I agree very much with this. I have a fairly demanding job, 3 kids between 4 and 5 (twins), hockey every weekend and most spare time is family time. Life's bloody busy. However, AG brewing keeps me sane. It's good to boil up a yeast starter on a weeknight, check up on gravity and temps of whatever's fermenting, or do minor mods to my kit (eg. yesterday I fitted a plug to my HLT instead of hard wired lead). My mind's always ticking about improving my temp controller or some sort of upgrade - not that's it's required in any way mind you - and that's what I love doing. Brew days are Wiggman's escape. They only happen every few weeks and are a good opportunity to invite some mates around to talk about beer or anything. Everyone needs time for themselves, spouse included. Plus the quality of my beer has gone forward in leaps and bounds, which I remind myself most afternoons when I pour a glass to enjoy with dinner or just sit down and enjoy the glass. Or read up on the latest dramatic AHB thread.


----------



## Grott (8/6/15)

jyo said:


> Grott, if you're worried about cost, and don't mind a bit of ghetto, it can be done really cheap. I started with a free esky, $80 for a copper manifold and fittings for the mash tun, a cheapo $50, 40 litres stanless steel pot from the Asian grocer and a second hand 3 ring burner with a decent regulator, silicone hose and some cubes. Probably spent $200 all up.





SBOB said:


> or ~$200-$300 on a 40L urn and a few bucks on a grain bag for less ghetto


Your right guys but even that amount will have to be a 2016 budget. Remember I've also spent on a gas bottle, reg, tap, hoses etc etc. even SWMBO doesn't quite know the full extent, so no more this year.
Cheers


----------



## MCW (9/6/15)

Try living in Darwin where the brew store is sub standard to say the least. They stock no grain and the cost to ship from the east coast pretty much doubles the price. Ah the price of yr round 30 degrees.


----------



## Pogierob (9/6/15)

I have no excuse, none at all since I have gone BIAB.

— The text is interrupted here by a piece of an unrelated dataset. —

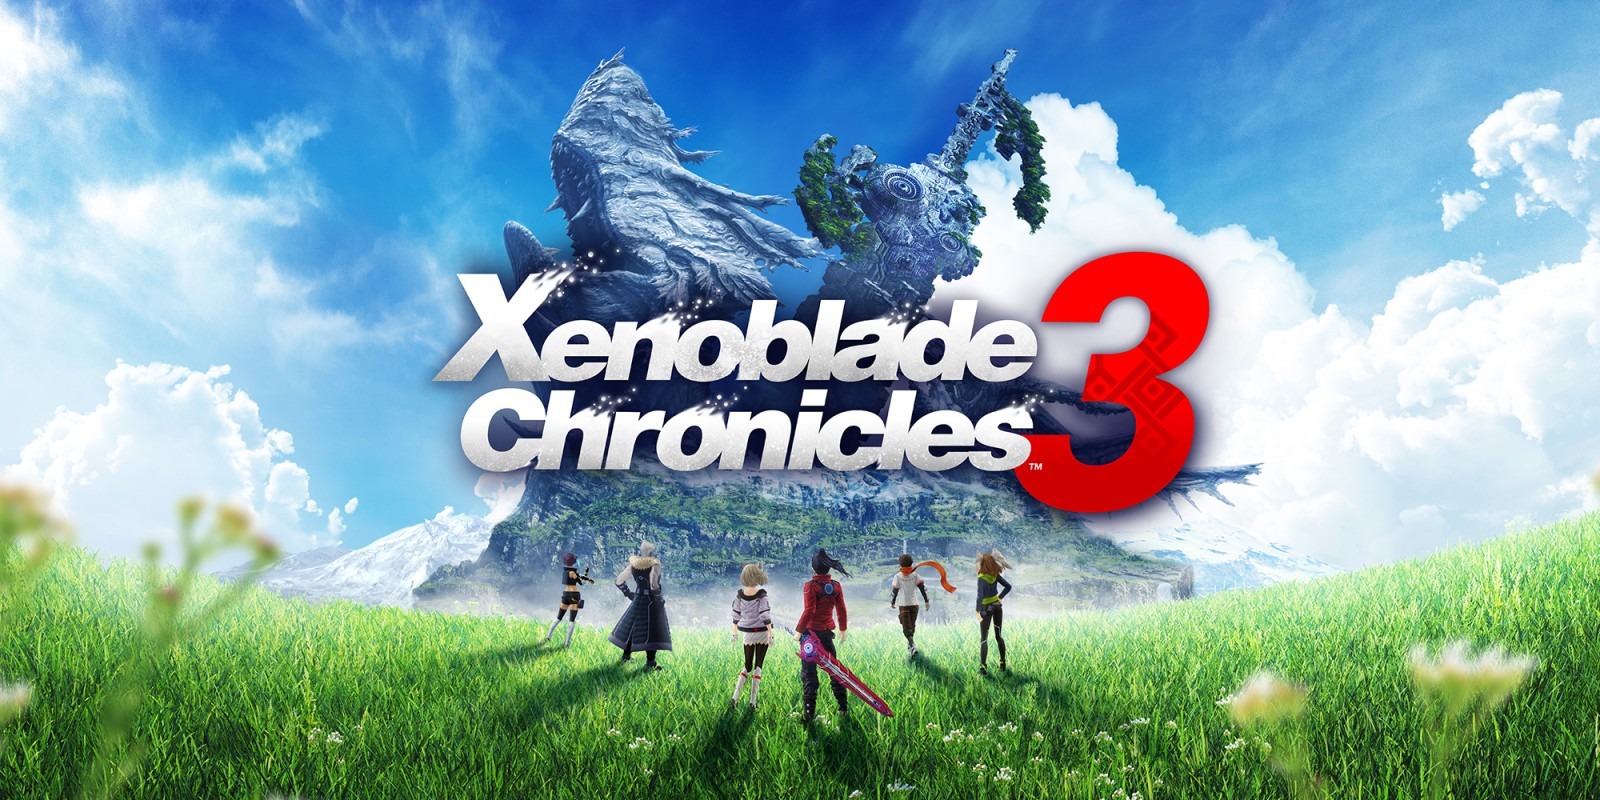 Xenoblade Chronicles 3: confira as notas da mídia especializada

Even now when I'm busy and claim I don't have time to brew, I find i have suddenly spent a few hours watching a shit movie I've already seen - could have been brewing.

I also found myself saying it's too expensive to buy all the gear, and BANG a birthday arrived and the lovely lady had conspired with friends and family and i found myself with a few hundred dollars to spend at the LHBS - hello crown urn.
lets not mention all the money I was spending on commercial beer while I couldn't afford the gear.
Everything else I buy bit by bit until I have what I need to do the job.

sure it takes longer, it takes longer to clean up and you need a larger storage area, but there is just something bloody awesome about saying - yeah I'm a homebrewer, no not the kits, I actually make it from scratch with grain, yeah yeah oh and I grow hops in the backyard, sure come around and have a couple one day..


so my best excuse for not going AG will most likely be - it's just really tricky to mash in, get to the AA meeting and then get back in time for the boil.  :lol:


----------



## clickeral (9/6/15)

Haven't managed to get my mill and motor mounted up fully yet and its in my mates garage with all my brewing gear so in the too hard basket till the end of the month haha

Buying a house end of the year start of next so will sort something more permanent then along with a 50L BM 

Probably get a 15amp 20amp and 32amp plug installed in the garage as I need all the power for various hobbies 

Also if I go back to all grain I need to finish my esky mash tun and get my kegerator setup again (wanting new lines connections and 650ss perlics)


----------



## Rocker1986 (9/6/15)

I don't have one anymore as I do brew AG exclusively and have done for nearly 3 years.

Before that, the only reason I didn't do it sooner was money. I was flat broke at the time until I got my current job. I wanted an urn so I could do BIAB; pot and gas or 3V never appealed to me and still doesn't. Once I had enough money that was it, jumped straight into it and haven't looked back.

I can appreciate that some people are too busy to commit the time, but on the other hand if you really have a passion for brewing quality beer then that becomes the predominant hobby and you make the time for it over lesser interests.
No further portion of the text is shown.